In addition to 2-layer quarantine, schools, large businesses, and community events may need to be restricted if not enough cases are detected. If 70% of cases are detected, no restriction is necessary as long as 2-layer quarantine starts on day 8 (Figs. 1 and 4). If 60% of cases are detected, schools and businesses can reopen, but community events need to be restricted (Fig. 4). Community contacts outside schools, work, and home account for ~30% of daily contacts12 (Fig. S3).
The daily cases as a function of time after reopening. Different colors correspond to different values of Pd. * means only businesses with less than 2,000 employees are reopened. Error bars denote S.E.M.

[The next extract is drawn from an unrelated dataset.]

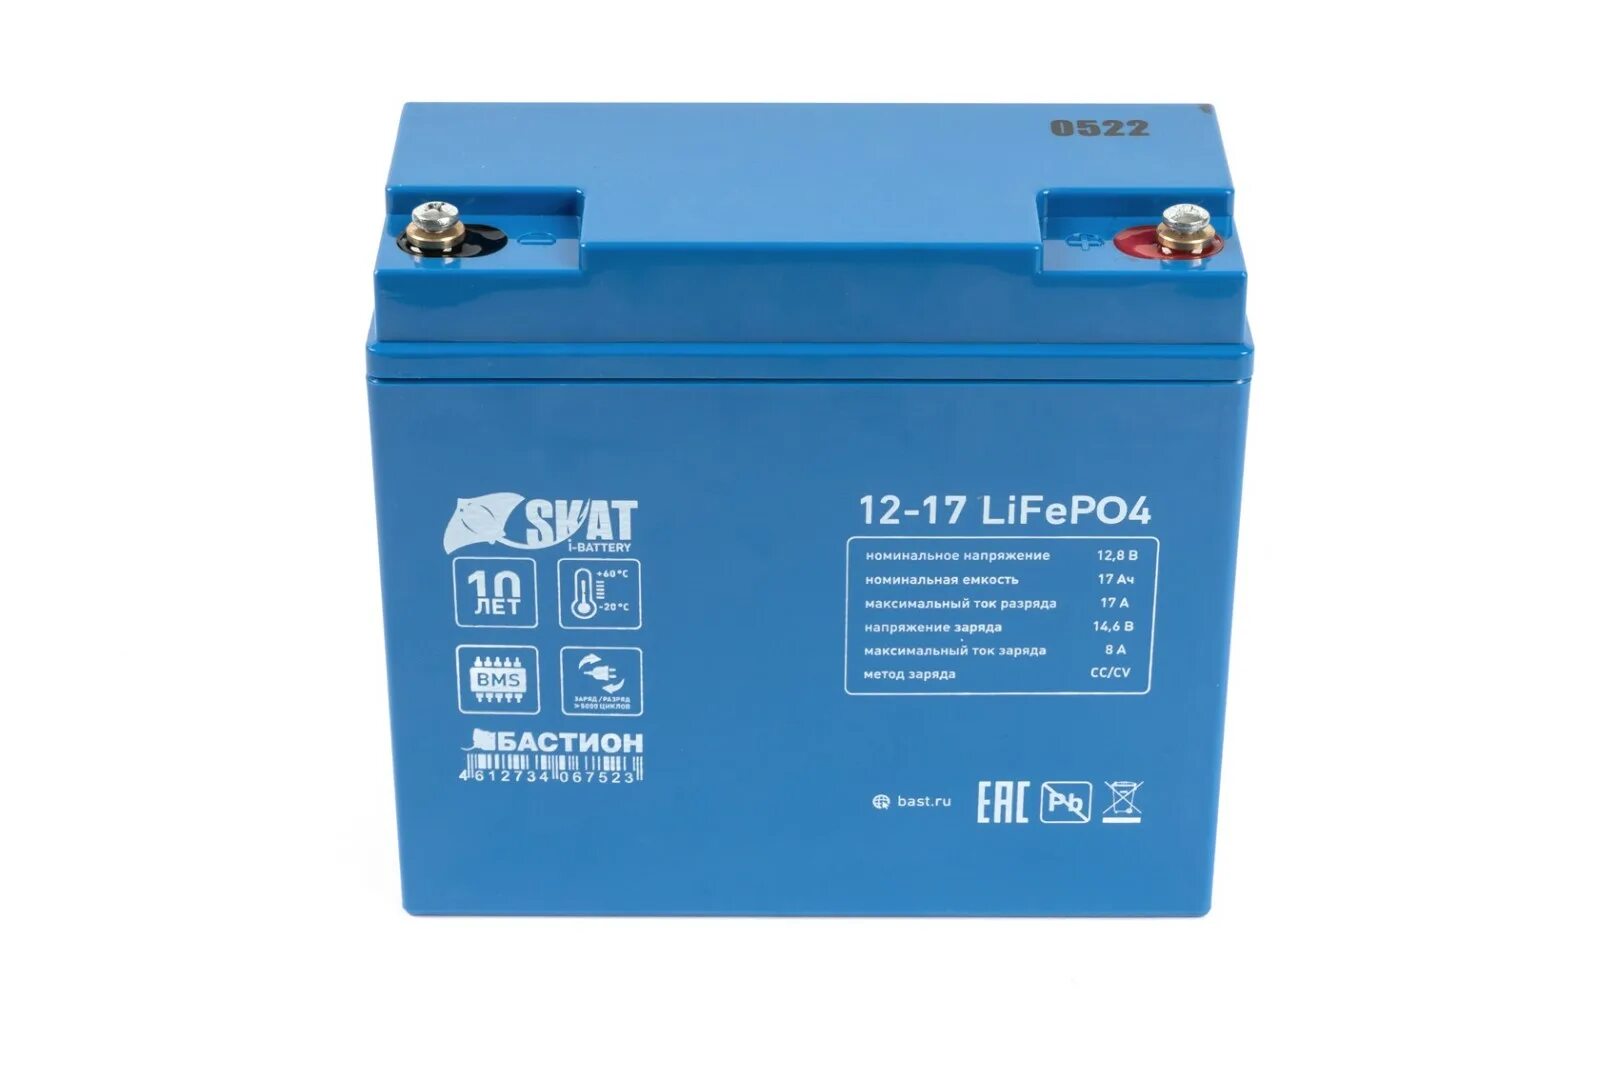 Skat i-Battery 12-17 lifepo4. АКБ Skat i-Battery 12-7 lifepo4. Skat i-Battery 12-17 lifepo4 габариты. Аккумуляторная батарея "12-сам-23". Skat i battery

If 30% of cases are detected, schools and large businesses (>2000 employees in our model) need to remain in virtual mode (Fig. 4). Due to their large size, schools and large businesses are hot spots for disease transmission. In our model, students are 66% +/− 12% more likely to transmit the disease than the rest of the population. Employees of large businesses, 94% +/− 5%. According to the model, had schools, large businesses, and community activities been shut down on March 3, the outbreak in Massachusetts would be limited to 3220 +/− 650 people and peaked by March 31 (Fig. S9).
Cumulative and daily cases as a function of time in simulations in which schools, large businesses, and community activities shut down on March 14 (top) and March 3 (bottom). Error bars denote S.E.M (n=20).
Here we show the probability of resurgence for a given reopening open depends on Pd, the percentage of cases detected, and τq, the time quarantine starts (Fig. 1). This conclusion is based on the microsimulations of a hypothetical region similar to Massachusetts. To use the model for policymaking, however, it needs to be refined by local government records on population, employment, school, business, household, etc. The model can also be updated in the future as more data on disease transmission become available. The model can also be custom-built for regions other than Massachusetts. Nevertheless, for any given region, the more cases detected, the earlier quarantine starts, the less restrictive the reopening plan is expected to be.
The resurgence of infectious disease has significant impacts on public health and the economy. At the initial stage of reopening, it is safer to assume only a small percentage of cases (Pd = 30% or less) are detected late in the infectious window (τq = day 8 or later). In order to increase Pd, it may be necessary to (i) test all symptomatic patients, (ii) test all close contacts of confirmed cases, and (iii) screen high-risk populations routinely. To decrease τq, besides utilizing fast COVID-19 tests and contact tracking apps, it is also essential to consider the psychological and economic burden of testing and quarantine13. One possibility to offset such burdens is to issue stimulus checks to individuals and businesses affected by quarantines. 100,000 checks a day, $250 per check, cost $25million, which corresponds to 1.5% of daily GDP in Massachusetts14. 100,000 COVID-19 tests a day cost $5million15, or 0.3% of daily GDP. Therefore, encouraging more COVID-19 tests earlier is a small investment with a high return.
Methods
Disease transmission
In our microsimulation model, the disease spreads through three types of contacts. Contacts at school/work, home/residence, and community events account for 37%, 34%, and 29% of total contacts, respectively. This ratio is consistent with a recent study of social contacts in European countries12.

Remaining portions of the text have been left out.